▶ _Extracted records_
+-------+
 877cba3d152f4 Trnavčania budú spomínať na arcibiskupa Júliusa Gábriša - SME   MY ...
+-------+
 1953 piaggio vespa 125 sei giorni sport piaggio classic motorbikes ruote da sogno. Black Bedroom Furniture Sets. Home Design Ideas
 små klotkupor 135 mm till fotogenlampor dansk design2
+-------+
▶ _What the task asks_
Beginning at the line with "1953 piaggio vespa" and stopping after the line with "små klotkupor 135", please write out every line of the data above exactly and nothing else.

▶ _Result_
 1953 piaggio vespa 125 sei giorni sport piaggio classic motorbikes ruote da sogno. Black Bedroom Furniture Sets. Home Design Ideas
 små klotkupor 135 mm till fotogenlampor dansk design2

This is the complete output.